Registered but unaffiliated N.J. voters can take part in Senate primary

 (AP File Photo/Rogelio V. Solis)

(AP File Photo/Rogelio V. Solis)

Registered voters in New Jersey who are unaffiliated with a political party are able to vote in Tuesday’s special primary for the U.S. Senate seat left vacant by the death of Frank Lautenberg.

About 46 percent of New Jersey voters are independent.
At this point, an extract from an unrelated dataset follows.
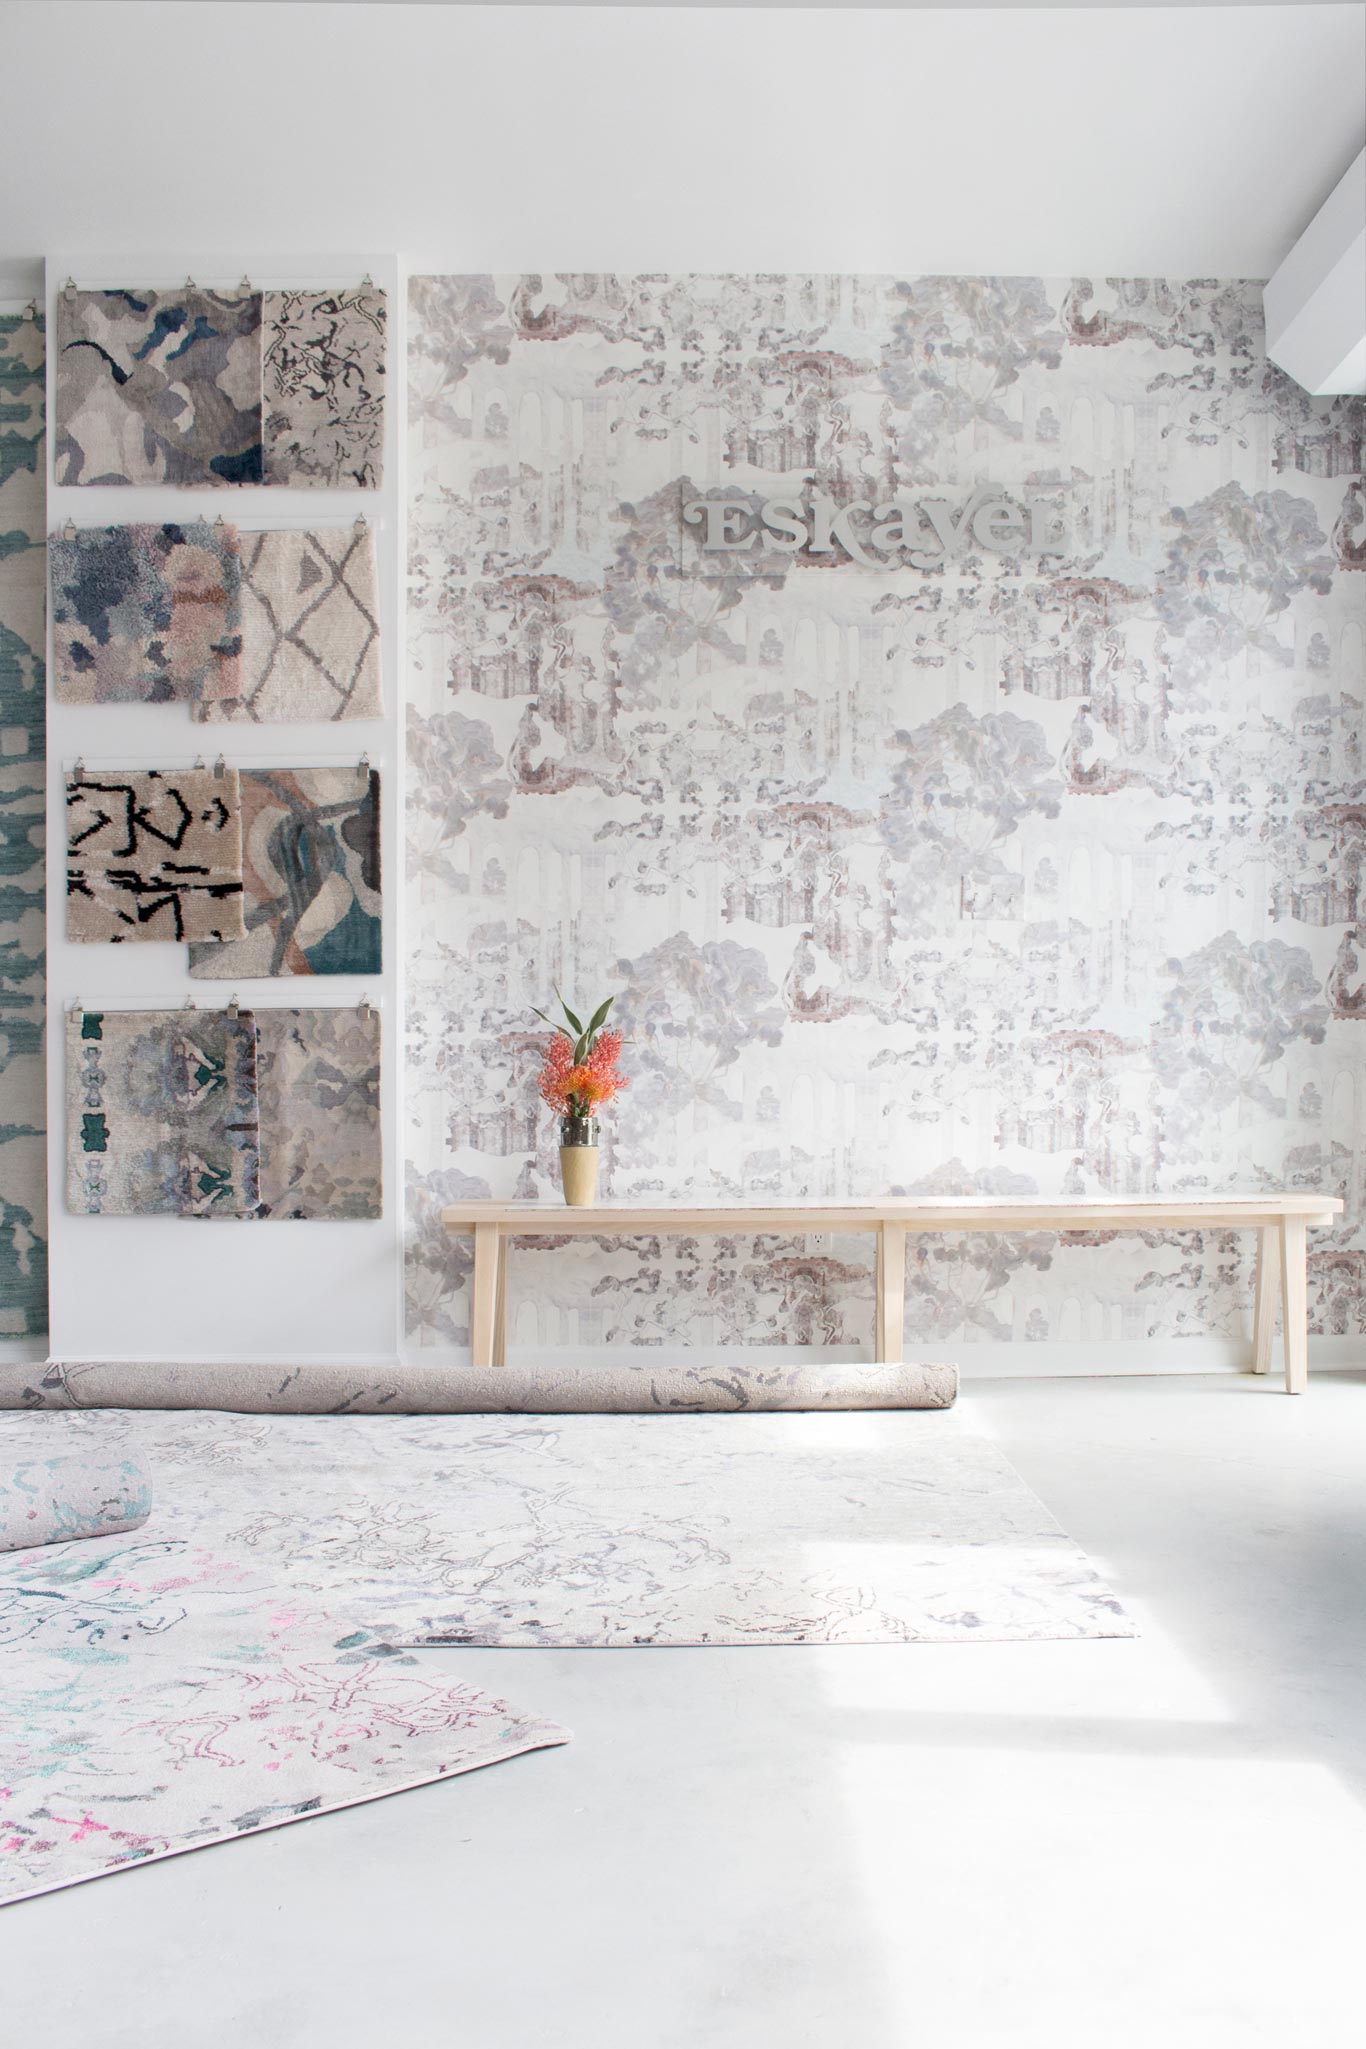 Eskayel-wallpaper-wp5007167

They can go to their polling place and cast their primary ballot for one of the Democratic or Republican candidates, but Rider University political science professor Ben Dworkin does not expect many unaffiliated voters will do that.

“Very few people are going to vote, and virtually all of them are going to be people who are already declared and been hardcore partisans,” Dworkin said. “Really, only the most dedicated the most committed Democrats and Republicans are going to show up at the polls.”

Monmouth University political analyst Patrick Murray agrees with the Dworkin.

“Most of our primaries are not competitive and therefore even if you’re a Democrat or Republican in general elections, most people don’t feel that there’s a need to vote in primaries,” Murray said. “So we see a lot of voters who are unaffiliated just simply decide to stay home. I don’t think we’re going to see a lot of unaffiliated voters come out for this election.”

In fact, analysts don’t expect to see many voters of any stripe taking part in this election to determine the candidates who will face off in another special election on Oct. 16.

Because the special primary election is being held at a time when many people are on vacation, analysts expect voter turnout will be only about 10 percent.

Unaffiliated voters become affiliated with the party of the candidate they vote for in the primary. They can sever that tie by filing a change-of-party form with their County Board of Elections.

Democrats on the ballot are Newark Mayor Cory Booker, U.S. Reps. Rush Holt and Frank Pallone, and Assembly Speaker Sheila Oliver.

Seeking the GOP nomination are former Bogota Mayor Steve Lonegan and Dr. Alieta Eck.